Sunday, June 7, 2009

Do You Know Me?

Do you know me?
Have we met?
Probably not, but I'm sure you have seen many others just like me.

Trust me there are tons of us out there but for some reason we seem invisible to the world. You know who I mean. It's ok to talk about it. It's ok to notice us. I know we aren't invisible even though that is what it feels like a lot. I am that overweight person that you happen to notice but try not to stare at. The one you watch at the food store, to see what we are buying, the one you watch at the fast food restaurant and observe what we are eating. We all do it, trust me, I'm overweight and I too do it. I see a heavy person and wonder ''why are they fat'', or say she/he is nice looking, too bad they are overweight. I watch what others are buying/eating. I compare myself to fat people wondering is that what I look like.
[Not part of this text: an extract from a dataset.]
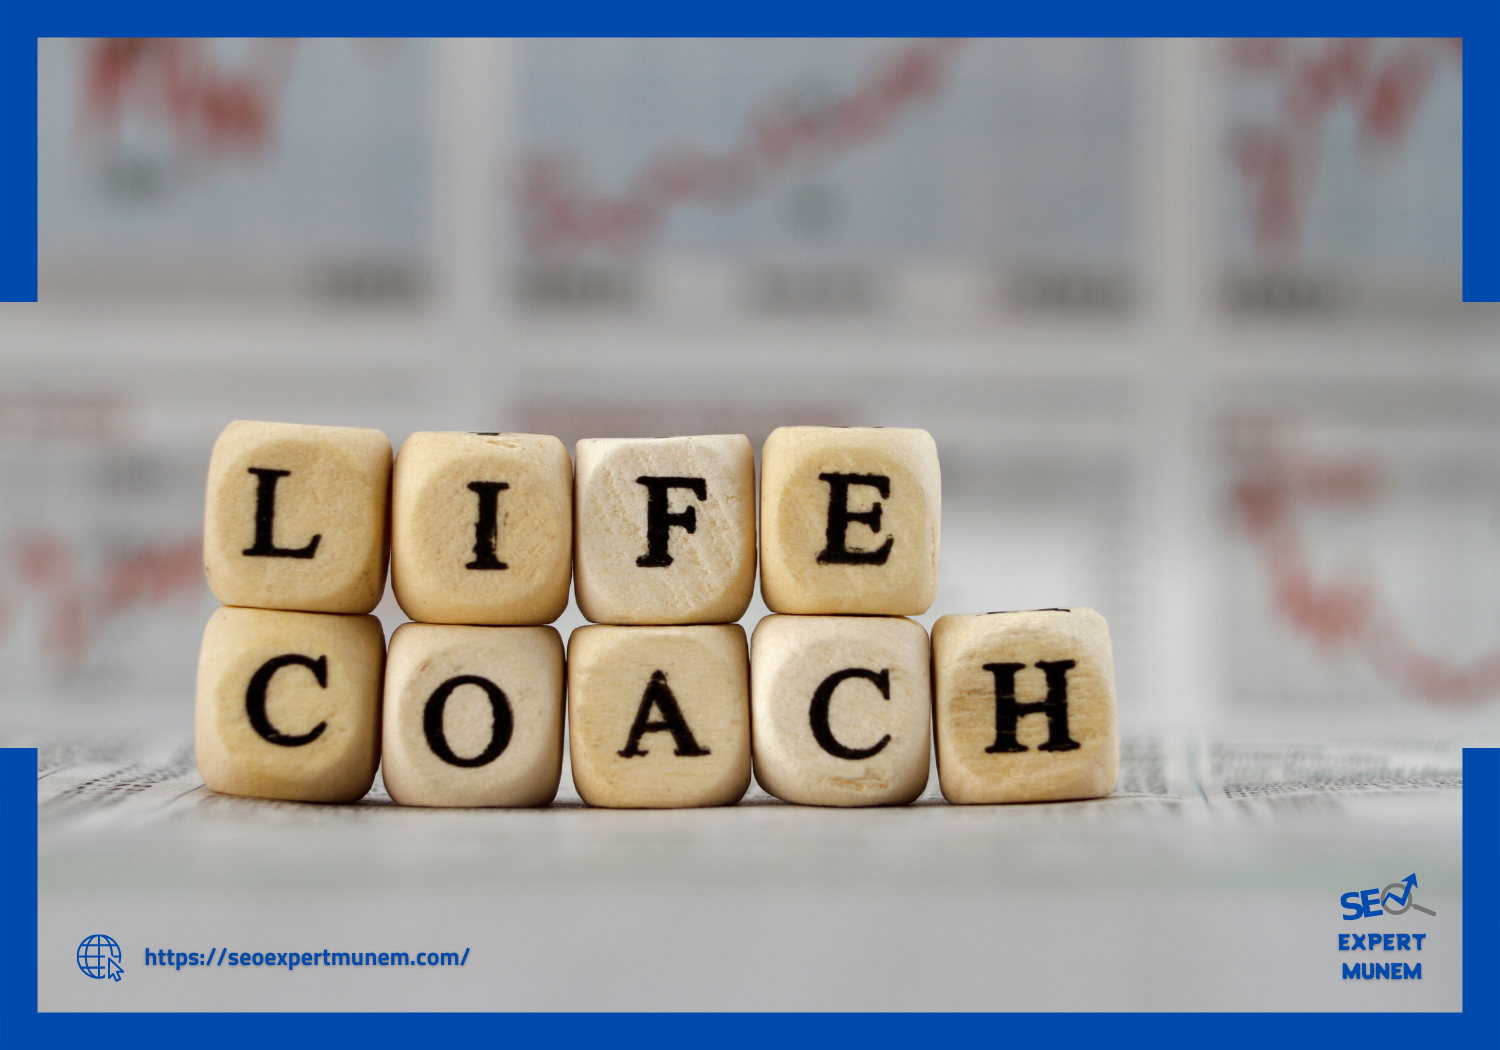 Life coaching

I'm not afraid to talk about being fat anymore. I'm not in denial anymore. I know what it is to be fat. I have been fat for half of my life now. Wow, its really amazing to think that half my life I have been living ''invisible'' to the world. You are probably thinking to yourself - ''Hello lady, you weren't invisible, Yoohoo, we can see you, how could we miss you!'' But, inside I was. The person that I am. I'm not talking weight, I'm talking about me as an individual. You know, the girl under the fat. Yes, there really is someone under this fat suit who is just like you.
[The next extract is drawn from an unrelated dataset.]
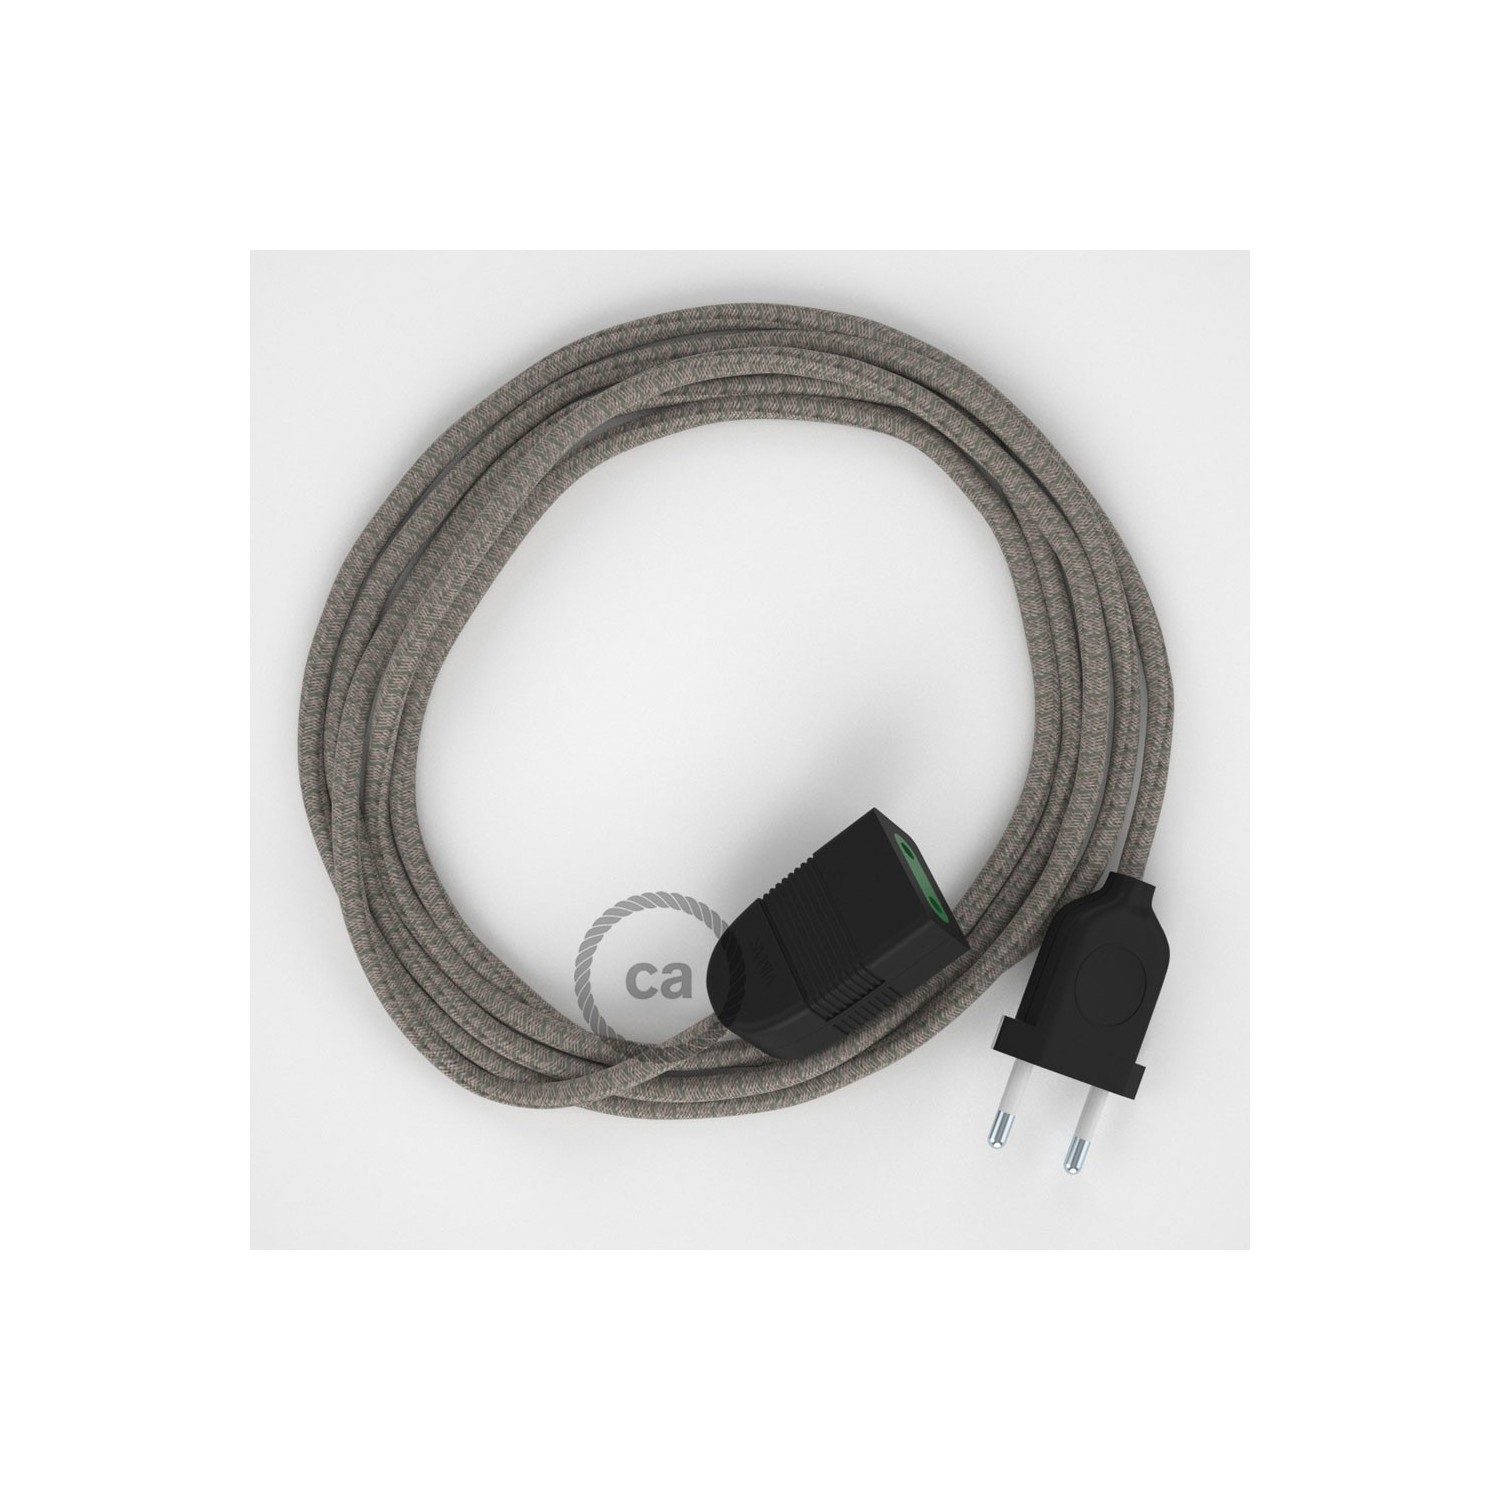 Podaljševalni kabel za napajanje (2P 10A) romb, timijan zeleni naravni lan in bombaž RD62 - Made in Italy

I know what its like to be skinny, was skinny growing up, skinny when I had my child and skinny after losing over 100 pounds 3 years ago. I know how different life is for a skinny person.

I'm not skinny anymore though, hence, the Before, After, Before title. I've gone through the circle of dieting. I'm not even a Yo-Yo dieter, I'm a circle. I always start back where I began, but not this time cause I'm breaking the circle and going to make it a straight line to Forever!
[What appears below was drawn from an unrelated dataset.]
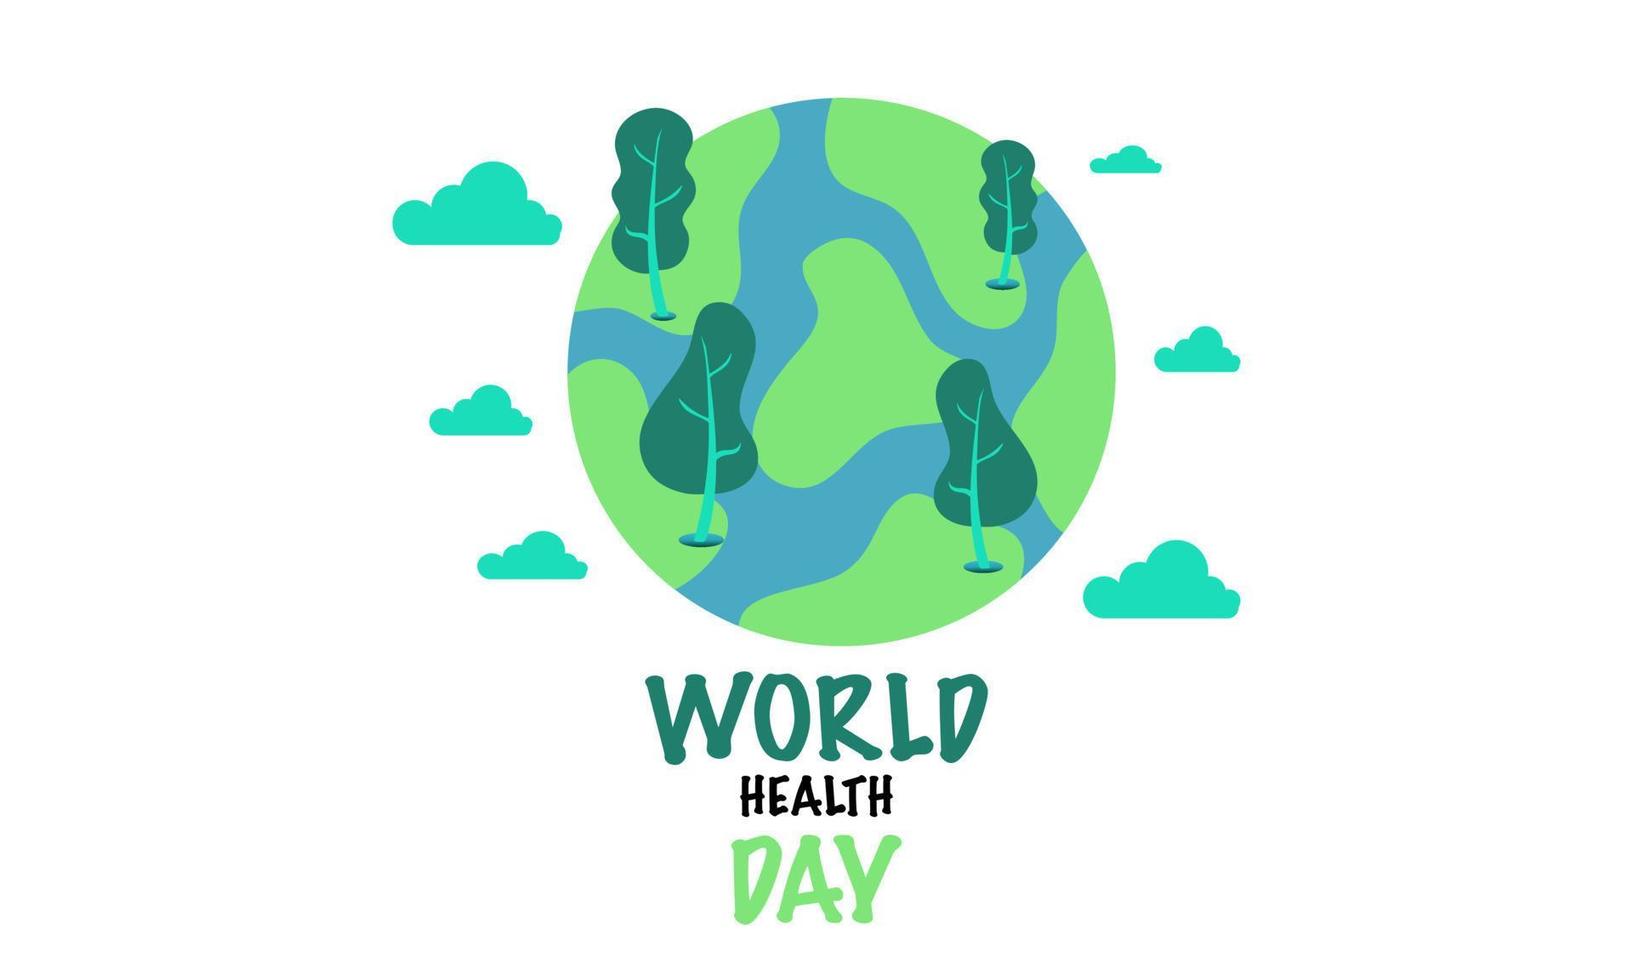 Welt Gesundheit Tag. April 7. Ferien Konzept. Vorlage zum Hintergrund, Banner, Karte, Poster mit Text Inschrift. vektor

It's going to be hard, it's going to seem impossible at times for me. I'm fighting my age, pre-menopause, and a few other thinks that will complicate it but not stop me. I want to enjoy life. I want to find my life.

I'm going to use this blog to moan, laugh, encourage, promote, and find myself again as I face the biggest challenge in my life.

Join me, follow me, taunt me, encourage me, every word will be read, and every word will help me achieve this goal of mine.